What you should do
Please repeat the entire listing verbatim and keep the pictures out.

:: Data section

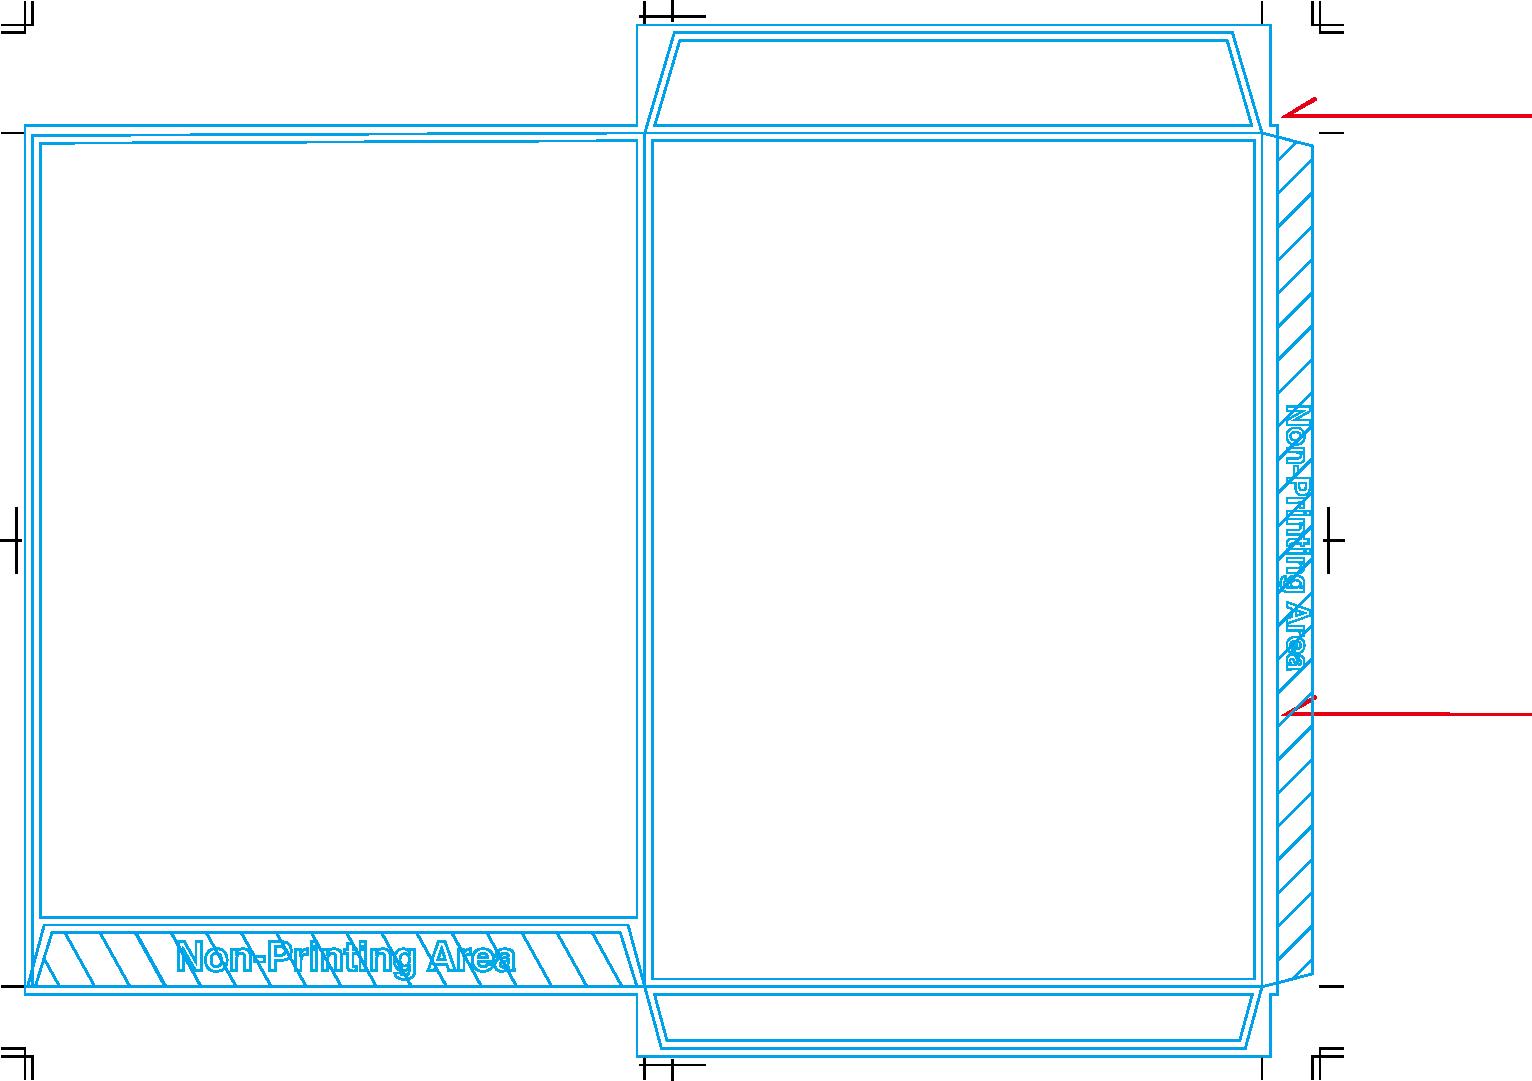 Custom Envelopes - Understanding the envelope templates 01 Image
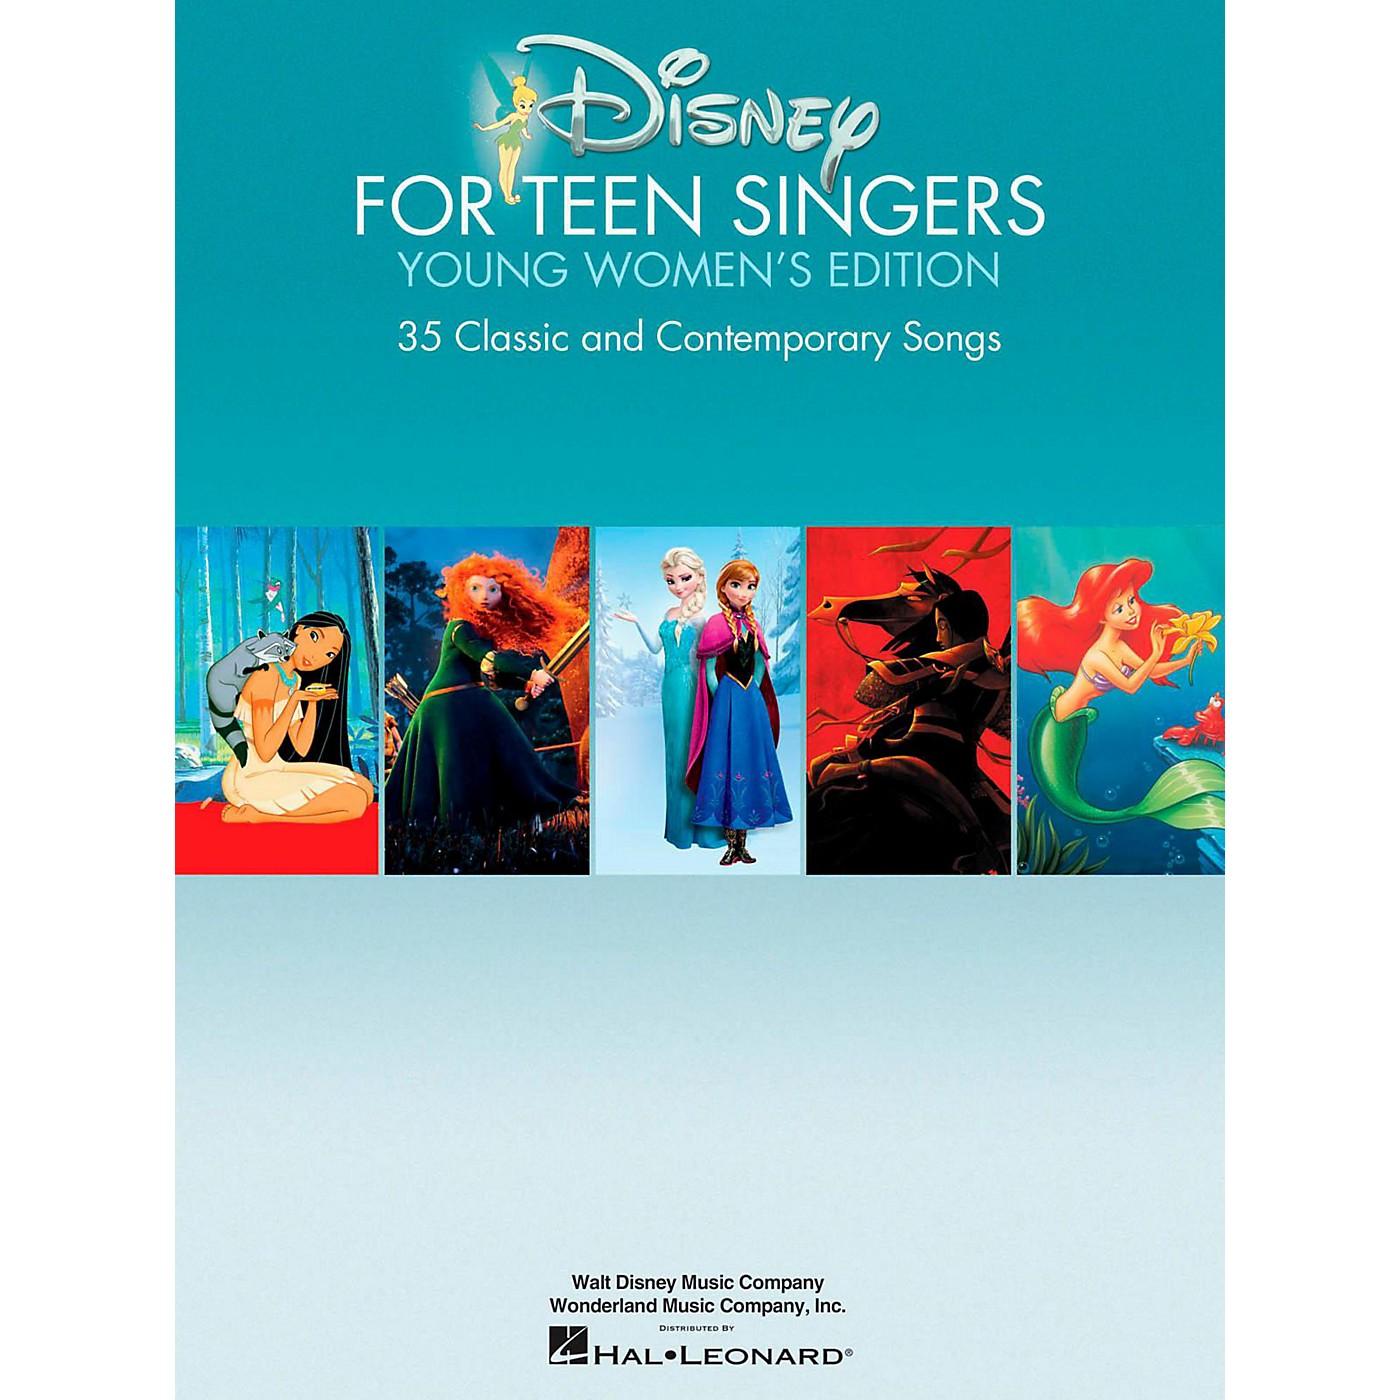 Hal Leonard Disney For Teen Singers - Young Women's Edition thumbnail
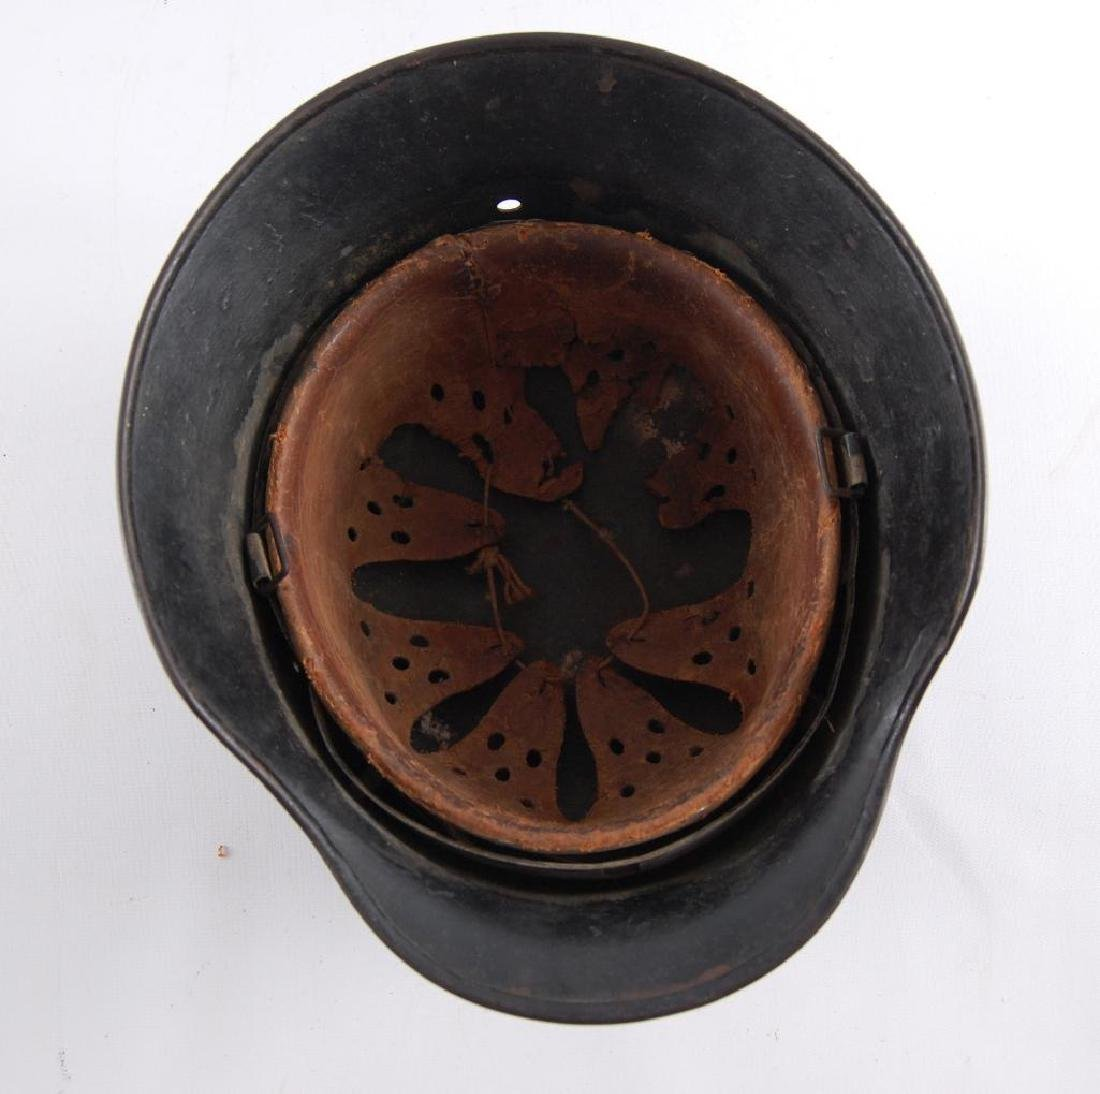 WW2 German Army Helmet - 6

::::

Answer to this problem
 Custom Envelopes - Understanding the envelope templates 01 Image
 Hal Leonard Disney For Teen Singers - Young Women's Edition thumbnail
 WW2 German Army Helmet - 6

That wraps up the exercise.